**Work required:** The data that follows must be transcribed in full and exactly, minus the pictures.

━━━━━ Dataset excerpt ━━━━━

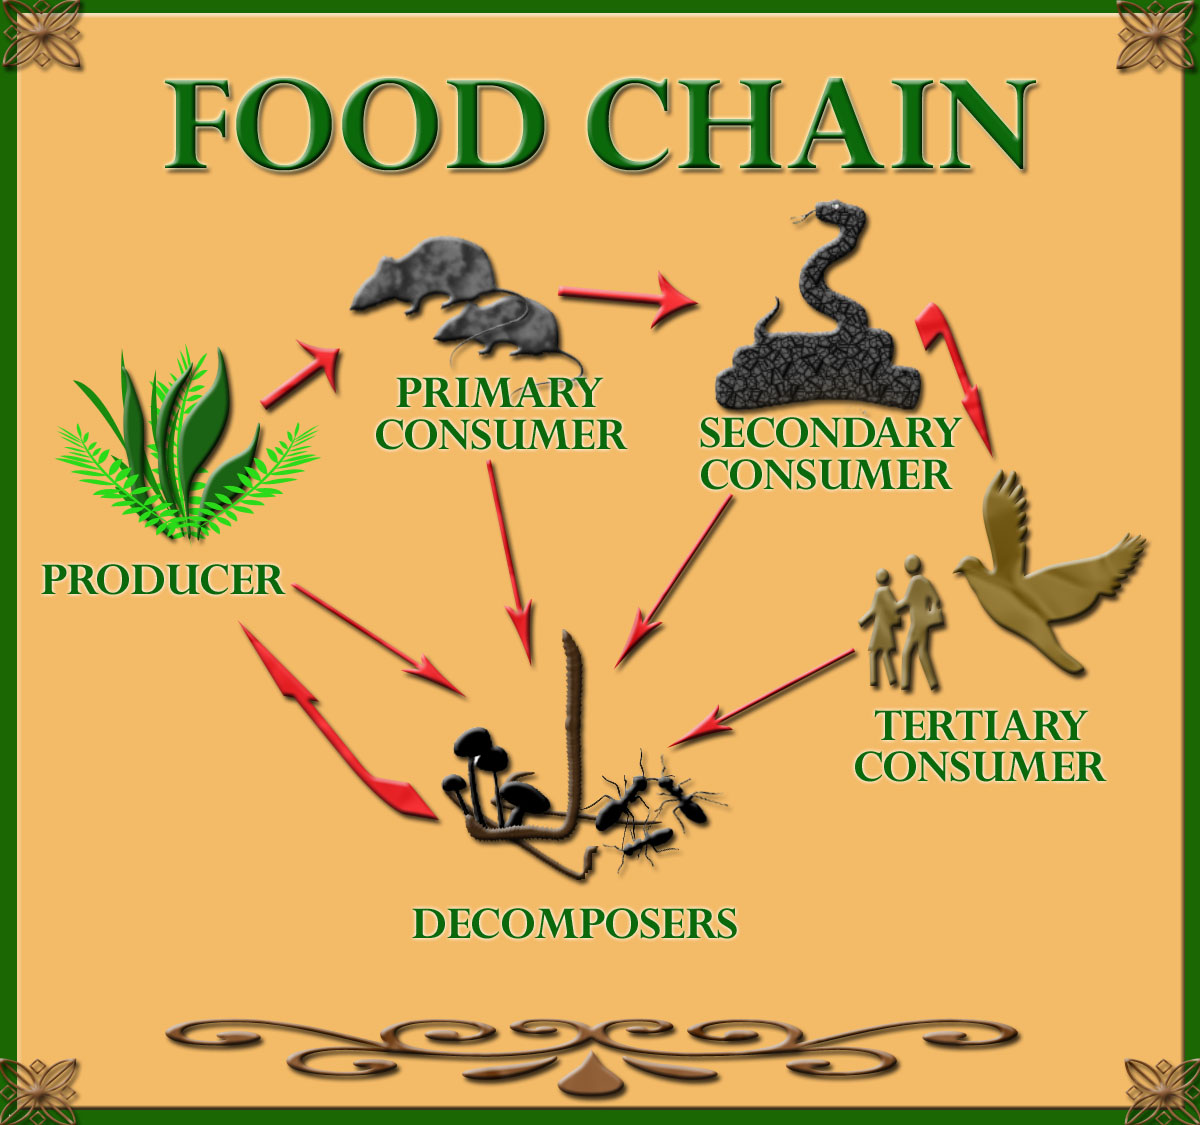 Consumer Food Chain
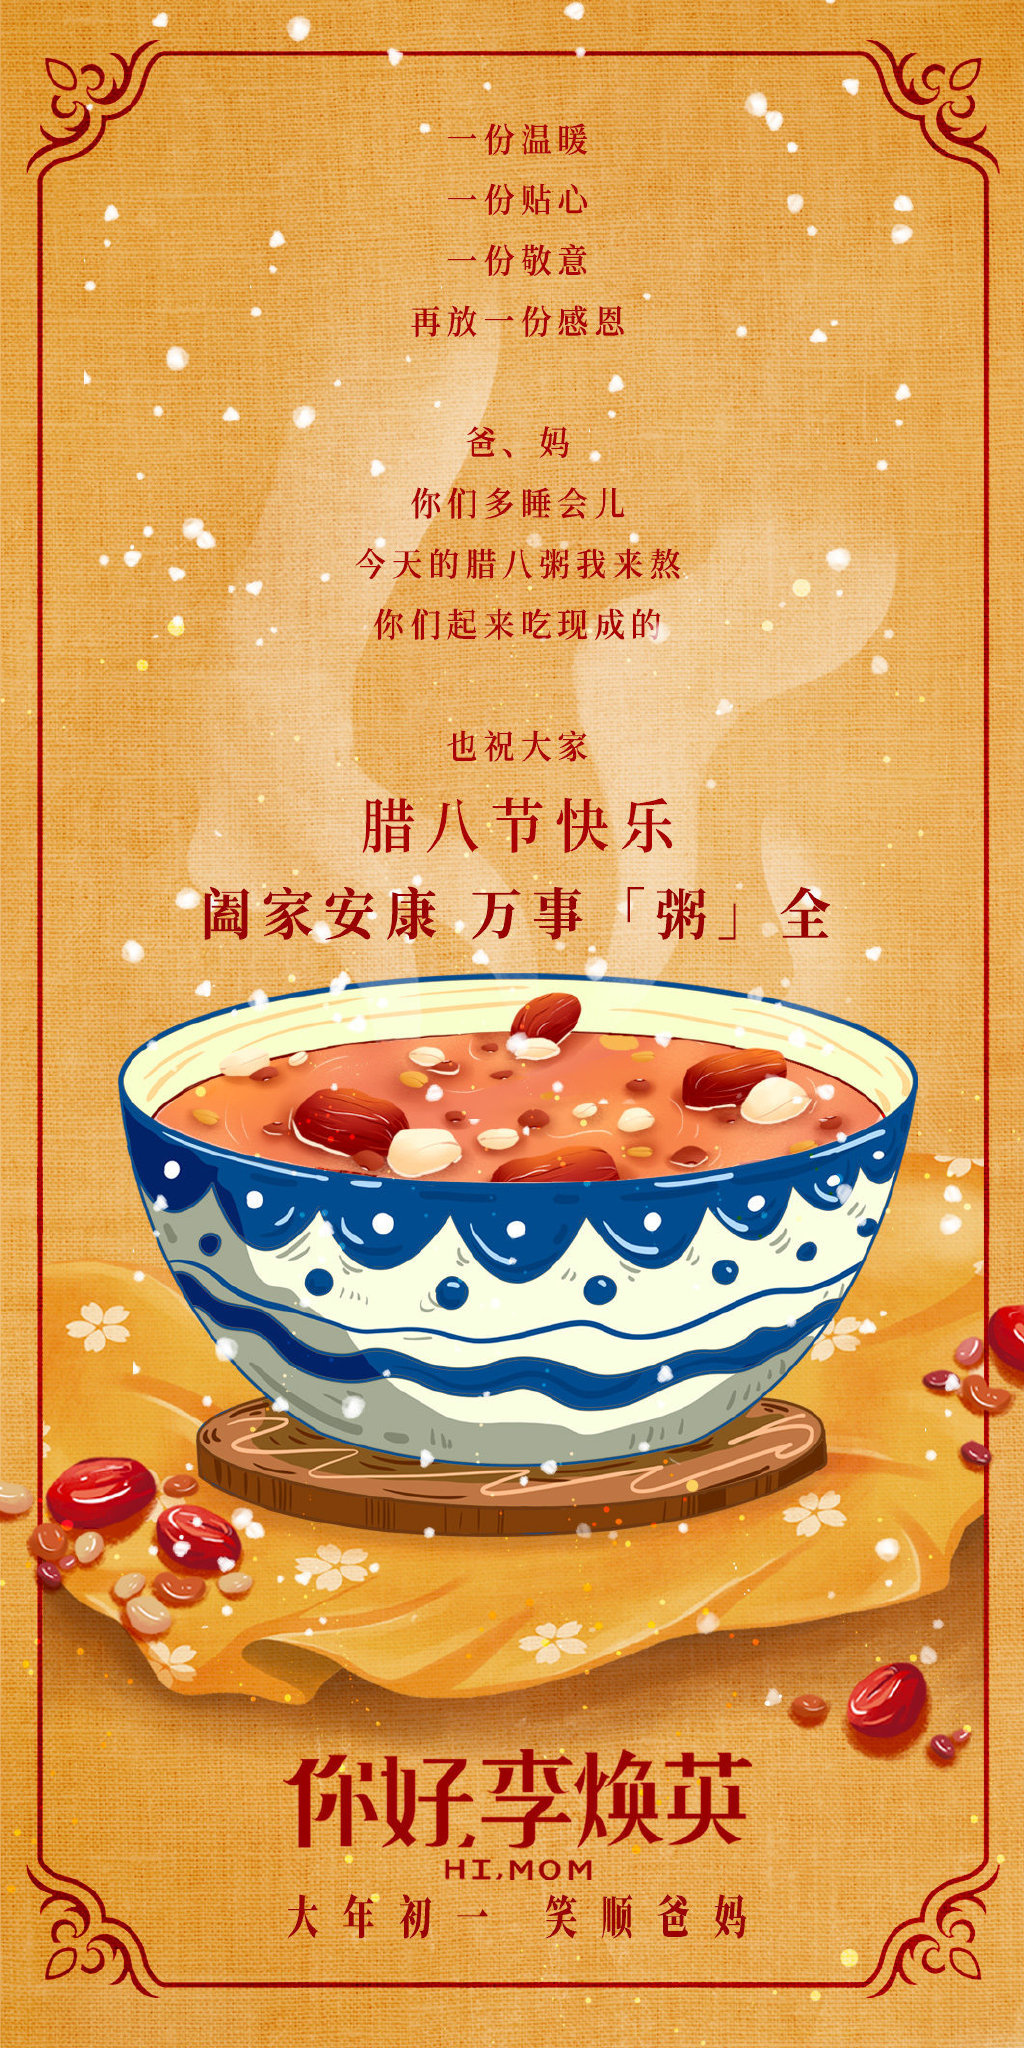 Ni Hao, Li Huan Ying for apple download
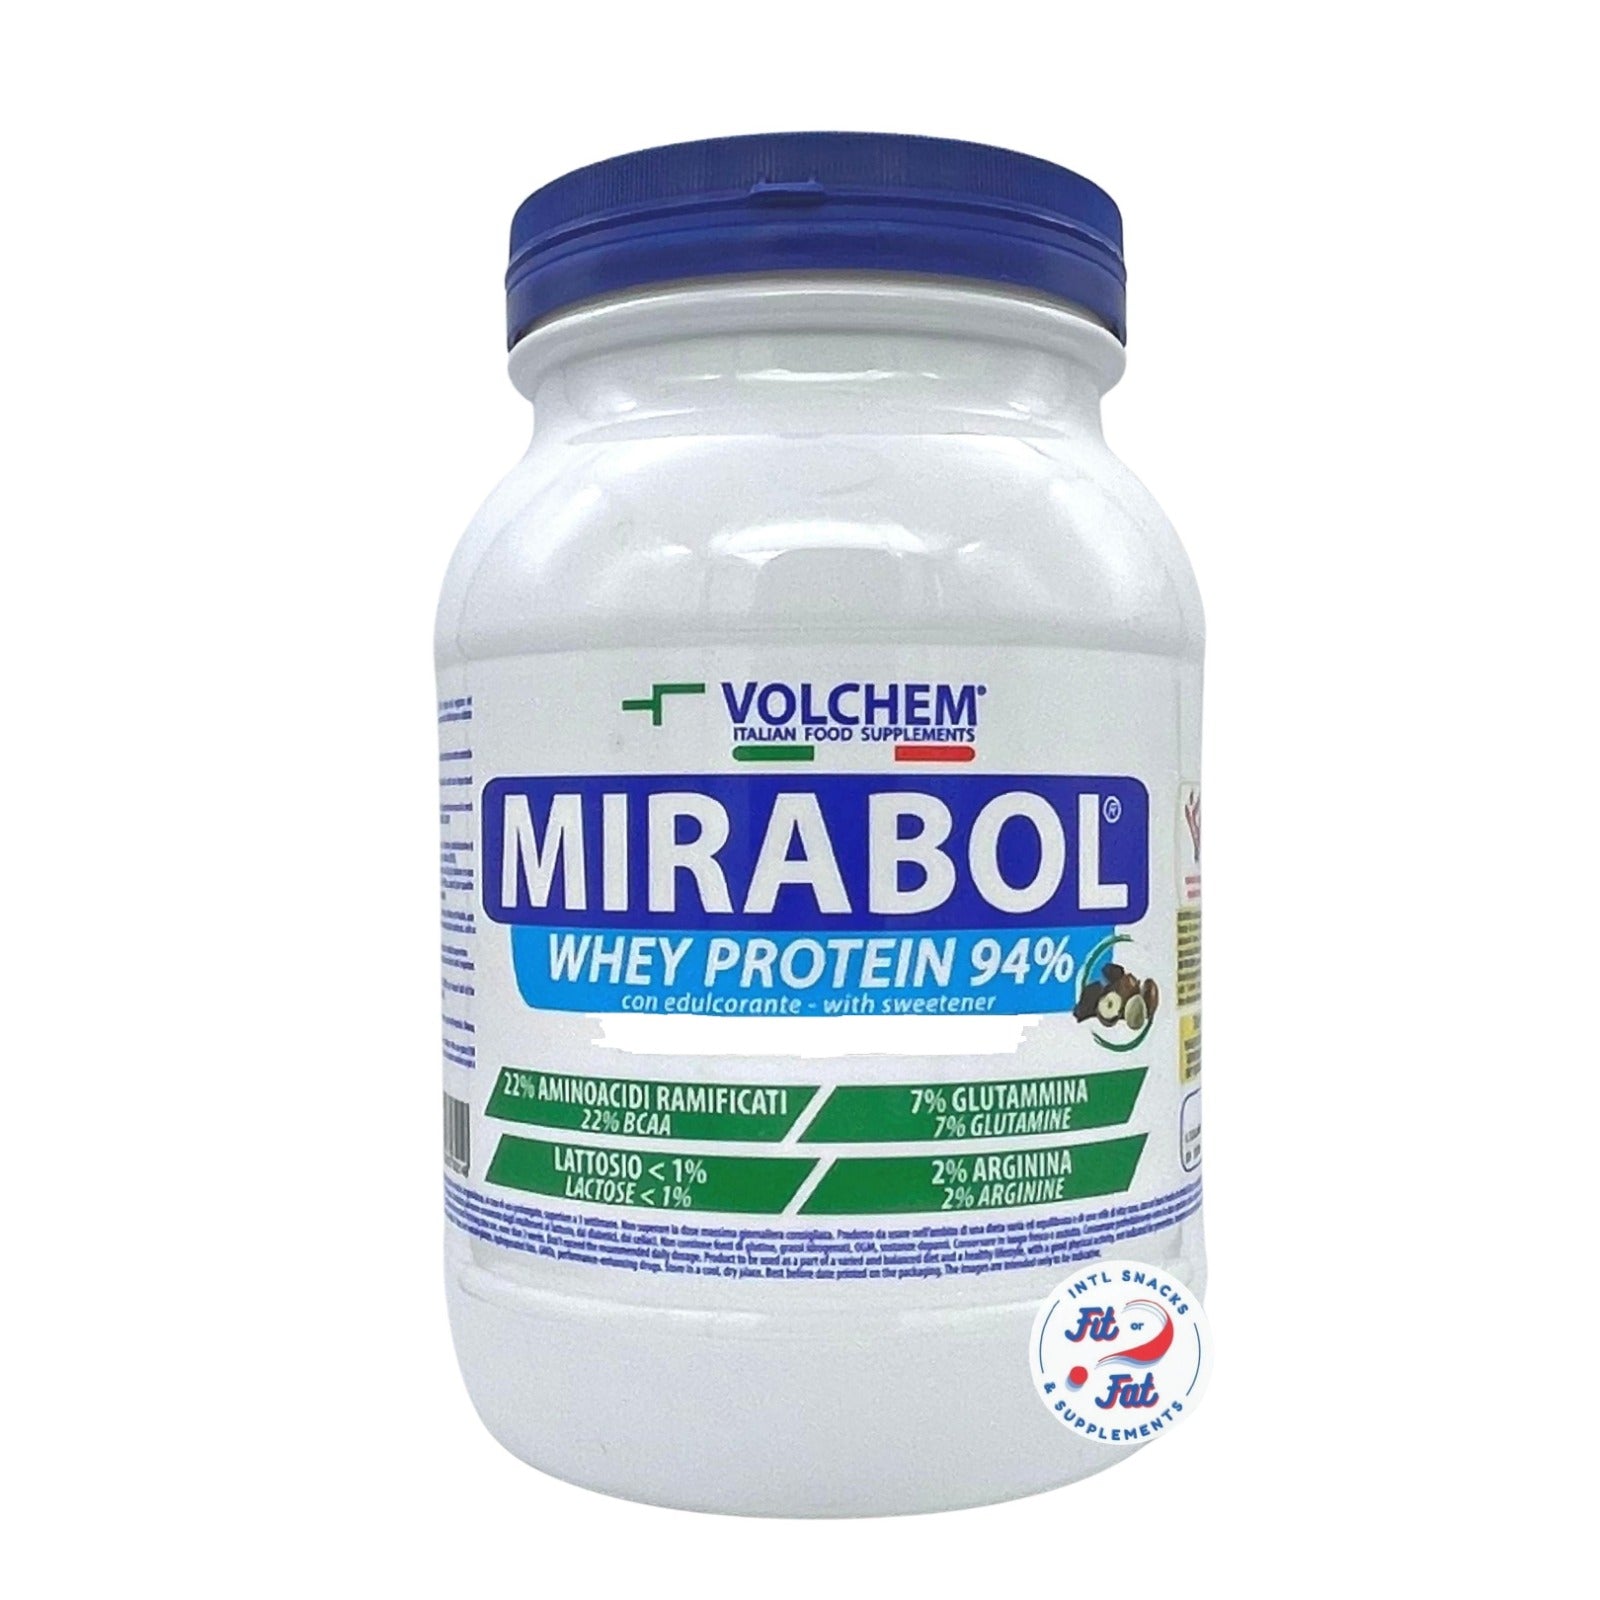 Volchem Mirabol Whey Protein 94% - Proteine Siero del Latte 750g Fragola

━━━━━

**Written reply:**
 Consumer Food Chain
 Ni Hao, Li Huan Ying for apple download
 Volchem Mirabol Whey Protein 94% - Proteine Siero del Latte 750g Fragola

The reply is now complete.